Our most recent studies in two distinct amelanotic melanoma cell lines representing different tumor phenotypes, MJS and SK28, demonstrate a molecular crosstalk, between DCT and caveolin-1 (Cav1), with structural and functional implications [23].
DCT and Cav1 are present in common structures in cytoplasm or decorating segments of PM (Figure 10A). Both Cav1 monomers/oligomers and DCT-precursor/mature forms have the same distribution along a density gradient in an ultracentrifugation experiment. Moreover, Cav1 has been identified in western blot and mass spectrometry analysis of the immunoprecipitates obtained with anti-DCT antibody from MJS cell lysates [23]. These experimental data are strongly supported by the structural analysis of DCT and Cav1 and by DCT-Cav1 structural model presented in Section 2.1.

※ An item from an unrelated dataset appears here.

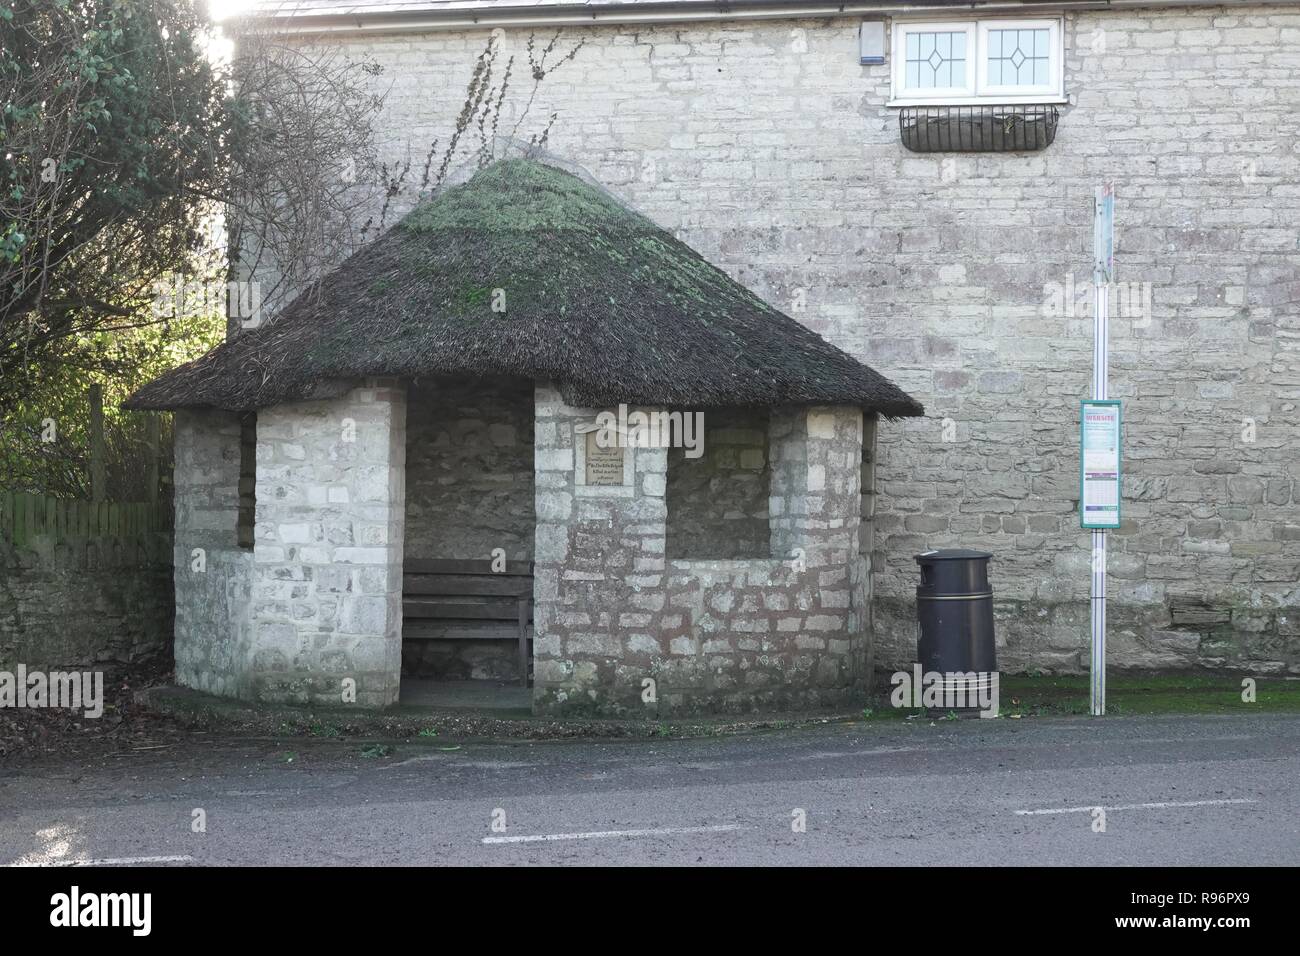 Thatched bus shelter, Government heritage agency Historic England gives an unusual thatched bus shelter at Osmington listed status, Dorset, UK, Credit: Finnbarr Webster/Alamy Live News Stock Photo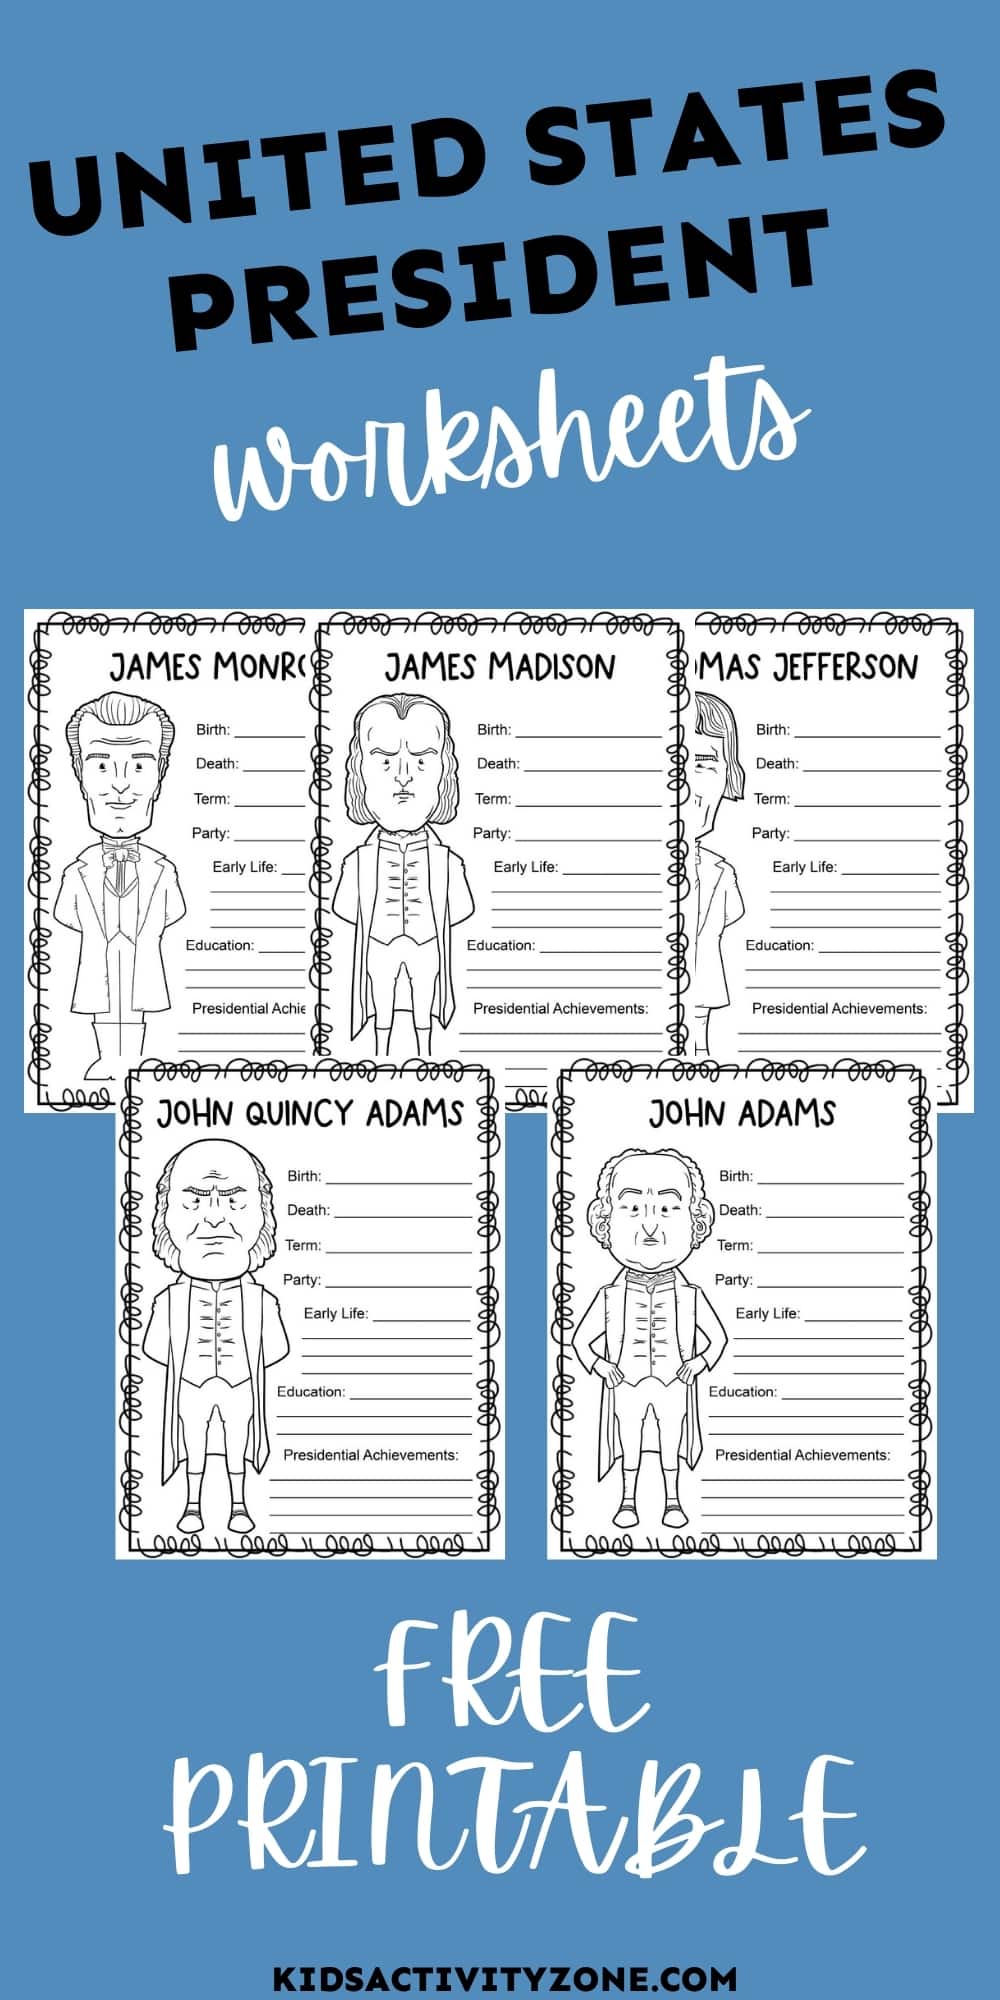 Free Printable US President Worksheets are the perfect supplement to a unit about the National Presidents. Each President has a sheet for students to record the President's Birth, Death, Term, Party, information about their early life, education and presidential achievements.

The structural and functional relationship between DCT and Cav-1. (A) MJS and SK28 amelanotic melanoma cells immunostained for DCT and Cav1 and analyzed by confocal fluorescence microscopy demonstrate DCT and Cav1 in cytoplasmic and PM common structures; in DCT downregulated cells, the morphologies of Cav1 positive structures are severely altered. The fourth and the sixth panels represent the enlarged details of the indicated insets; (B) the DCT-high clones in MJS having downregulated Cav1 expression analyzed by tissue FAXS. In the upper part of quadrant are shown the cells with high DCT expression; (C) the crosstalk between DCT and Cav1. The impact of si-DCT on Cav1 and of si-Cav1 on DCT is indicated. Possible processes mediated by either DCT or Cav1 are indicated in dotted boxes; (D) DCT, unlike TYR or TRP1 is overexpressed during transition from subconfluent (48 h) to semi-confluent (72 h) and confluent (96 h). Medium was not replenished for 96 h (MR−) or replenished every 24 h (MR+). Autocrine/paracrine stimulation (starvation, secreted factors by proliferative MJS tumor cells within 48 h) decrease Cav1, increase DCT expressions, and change the cell morphology. The cells at 48 h are polygonal with visible contacts between adjacent cells, whereas cells at 96 h are elongated with no cell-cell contacts and form large clusters.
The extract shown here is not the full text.